Abstract

Although the european eighteenth century was long called the “age of Voltaire” (at least in textbooks), it was also an age of war. Courts and cities were undergoing a progressive pacification, as Norbert Elias has argued, but elsewhere the “civilizing process” was more bellicose. To finance the expansionist wars of Louis XIV, whose reign ended in 1715, and those of Louis XV, including the War of Austrian Succession (1740–48) and the Seven Years' War (1756–63), the French state expended two-thirds of its revenues on war (Meyer 57). Despite the Anglomania that marked progressive intellectual and literary circles in France around mid-century, between 1689 and 1815 France and England were officially at war for sixty-two years, not including minor conflicts. Against this backdrop, the image of Voltaire is that of an unflagging pacifist. Standing for all wars, the fictional war between the Abares and the Bulgares in which the naive hero of Voltaire's Candide finds himself caught up is described by the text's narrator, in a bitingly ironic oxymoron, as “a heroic slaughter” (114). War for Voltaire represented yet another instance of infamous unreason, odious intolerance, and despicable evil. It was the collective, generalized form of the l'infâme (“the despicable”), against which he publicly and tirelessly railed. The phrase écrasez l'infâme (“crush the despicable”), appended to his letters beginning in the early 1760s, signified the Enlightenment project of rooting out error, superstition, and intolerance by means of reasoned argument, common sense, and often a healthy dose of sharp irony.

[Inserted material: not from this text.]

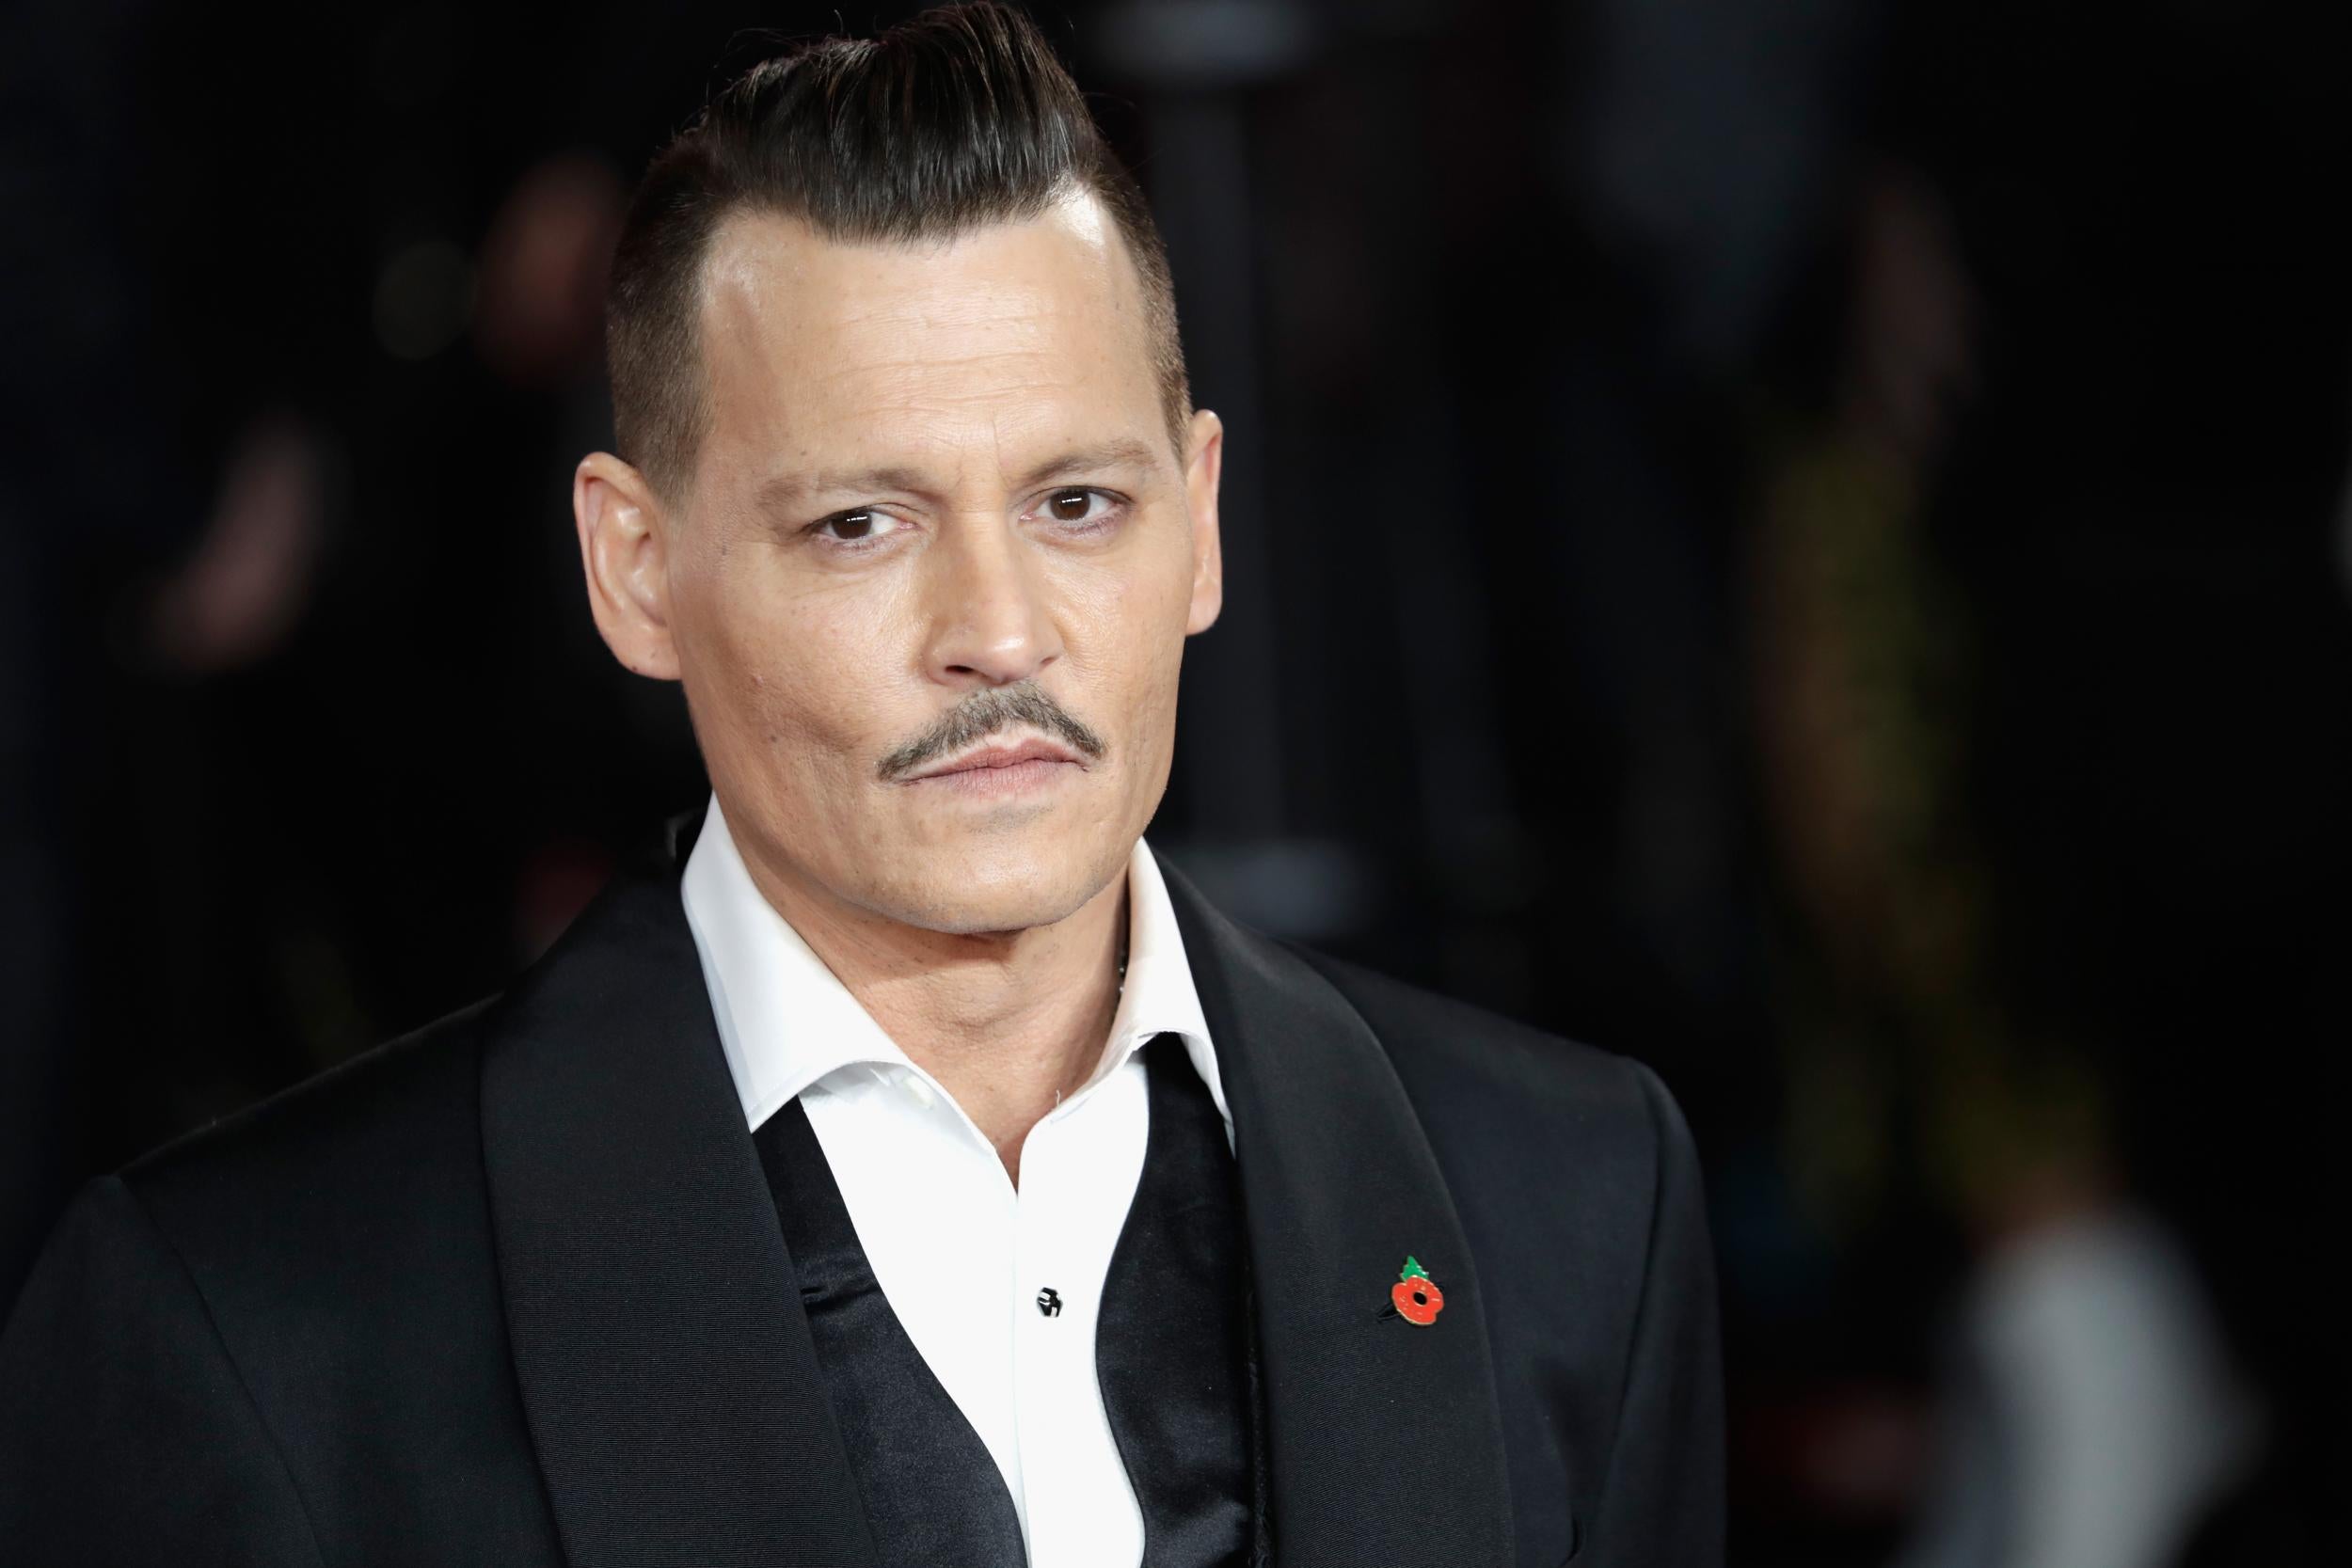 Johnny Depp reveals details of his personal and financial life in new tell-all interview.

Quickly becoming a battle cry, penned in condensed, symbolic form as “ÉCRLINF,” the phrase had preserved all its caustic energy when, a century later, Friedrich Nietzsche inserted it throughout his Ecco Homo. Voltaire's attempts to stamp out this evil took local forms, such as the highly public letter-writing campaigns he mounted to spark indignation and obtain justice for the victims of intolerance, as in the causes célèbres involving the protestant Calas and Sirven families, the young chevalier de La Barre, and Lally-Tollendal.